De John Maynard Keynes on cite souvent le passage suivant de son article « Les alternatives économiques de nos petits-enfants » (1930) : « Nous souffrons d’une nouvelle maladie dont certains de mes lecteurs n’auront pas même encore entendu mentionner le nom, mais dont ils entendront abondamment parler dans les années qui viennent – à savoir le chômage technologique. Ce qui veut dire le chômage dû au fait que nous découvrons des moyens d’économiser l’utilisation du travail à un rythme plus rapide que celui auquel nous parvenons à trouver au travail de nouveaux débouchés. » Une observation que je citais en 2014 dans, moi aussi, une lettre ouverte, adressé alors à MM. Hollande et Gattaz : « Pourquoi ne pas parler du travail et de l’emploi tels qu’ils sont et non tels qu’ils devraient être ? ».

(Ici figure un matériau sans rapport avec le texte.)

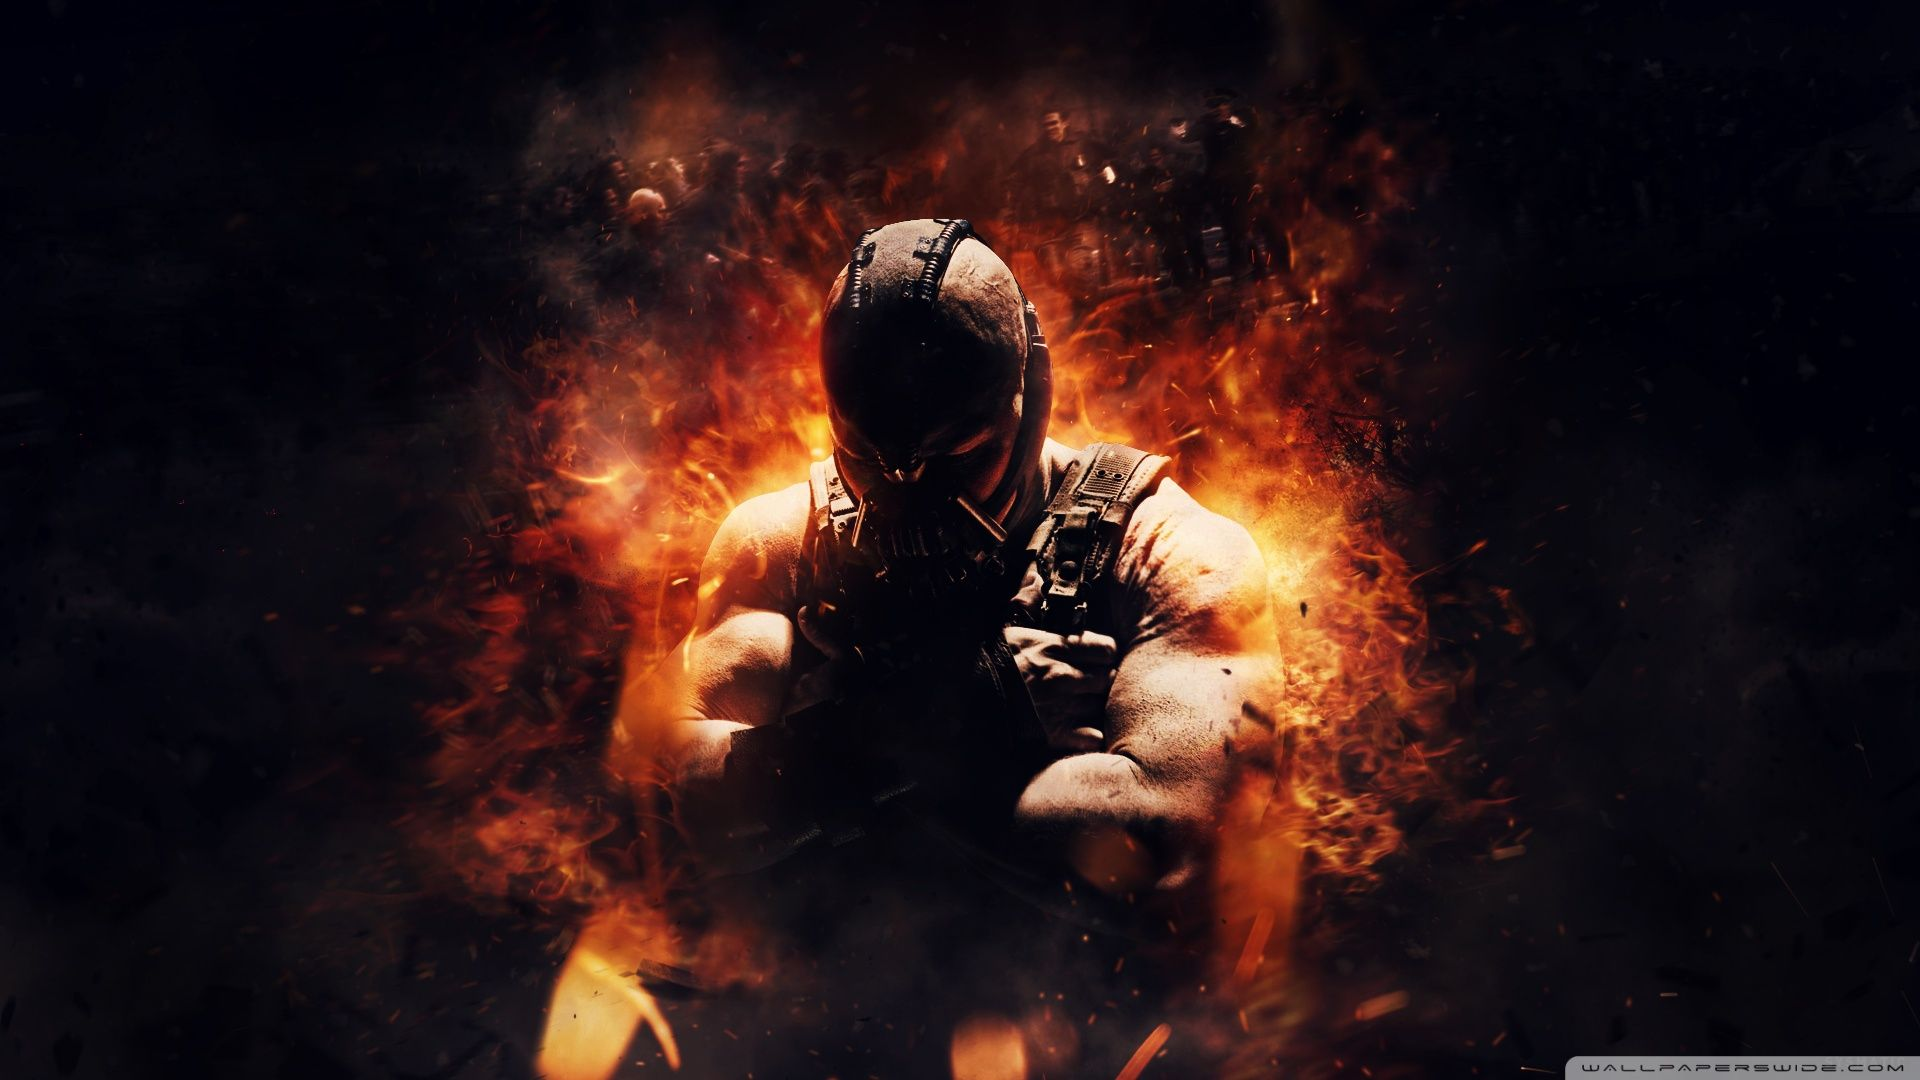 Dark Knight Rises Bane Wallpapers Top Free Dark Knight Rises Bane Backgrounds Wallpaperaccess
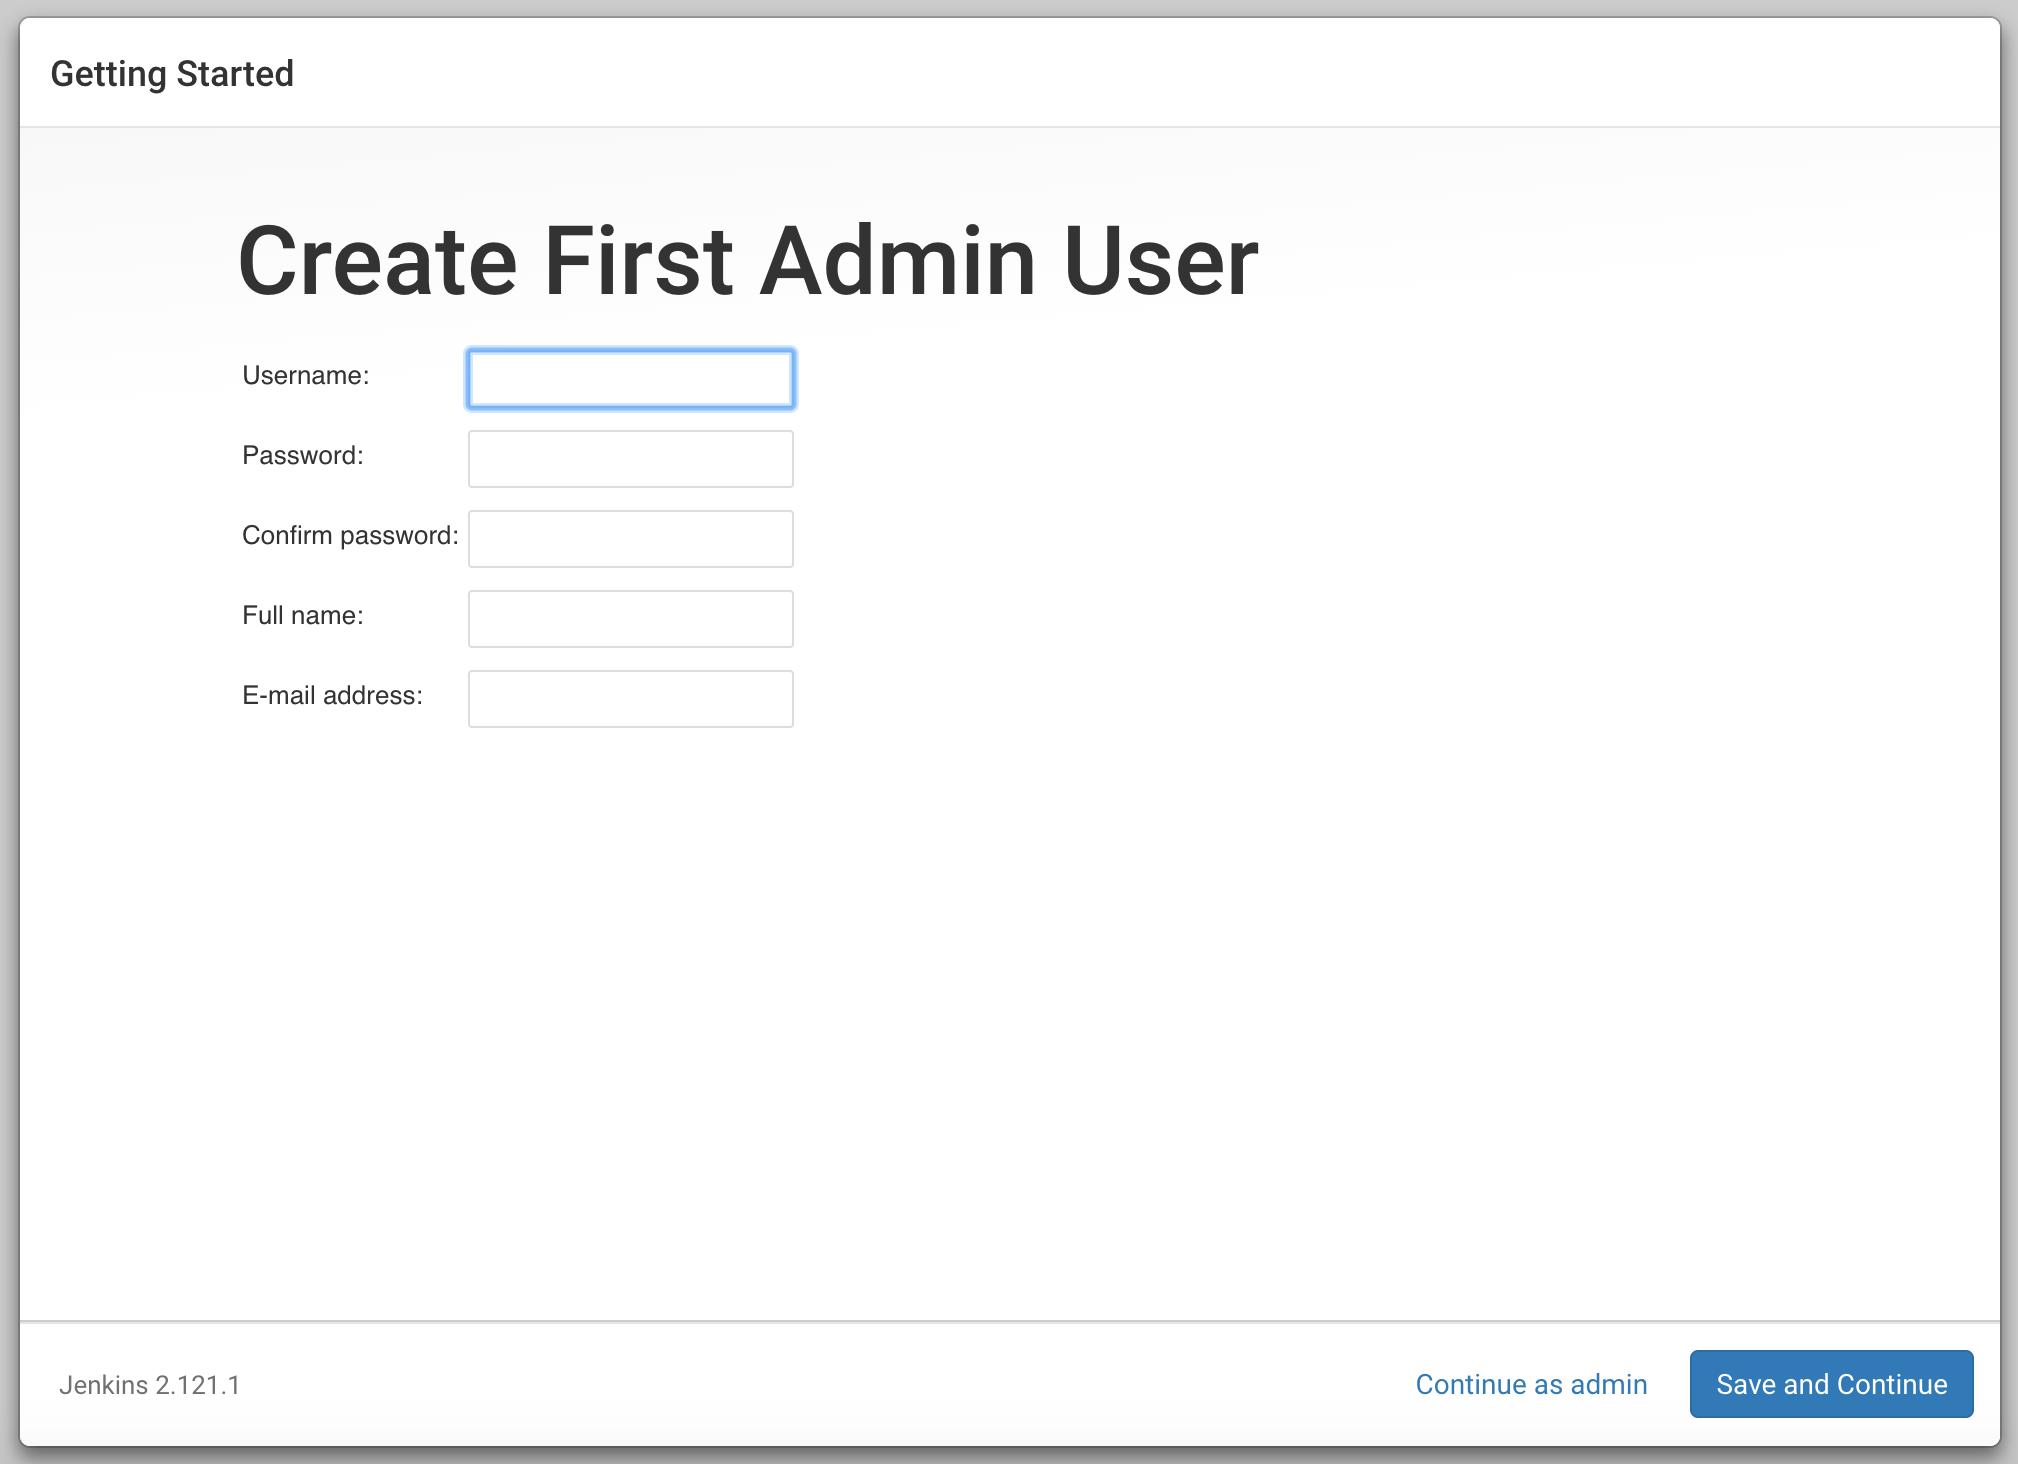 Jenkins Create First Admin User Screen

Plus pertinents encore chez Keynes sont ses propos sur la disparition du travail dans « Le dilemme du socialisme moderne » (1932) : « Pour la plus grande part de son histoire, les muscles de l’homme ont été la source d’énergie dans la grande majorité de ses projets et de ses opérations, avec l’aide occasionnelle du vent, de l’eau et des animaux domestiques. Le labeur, au sens littéral du terme, a été le premier facteur de production. Cela fit une énorme différence quand, pour le transport et pour certaines opérations limitées, d’autres sources d’énergie furent ajoutées. Mais même l’addition de la vapeur, de l’électricité et du pétrole n’ont pas produit en soi un changement aussi radical que l’a été la nature des nouveaux processus de production qui les ont accompagnés ces années récentes. Car jusqu’à très récemment, l’effort majeur des nouvelles machines fut d’offrir au labeur, c’est-à-dire aux muscles de l’homme, un meilleur rendement. Quand les économistes affirmaient que la machine coopérait avec le labeur, et ne lui constituait pas un rival, la chose était plausible. Mais l’effet des types les plus récents de machinerie est de plus en plus, non pas de rendre les muscles de l’homme plus productifs mais de les rendre obsolètes. Et l’effet est double, il nous offre tout d’abord la capacité de produire des biens de consommation, par opposition à des services, de manière pratiquement illimitée, et ensuite d’utiliser si peu de travail dans ce cadre qu’une proportion toujours plus grande de l’emploi humain doit être occupée, soit dans le domaine de l’offre de services, soit à satisfaire la demande en biens durables […] Il se fait donc que l’appareil économique se trouve confronté à un problème de réajustement d’une difficulté inhabituelle en soi ».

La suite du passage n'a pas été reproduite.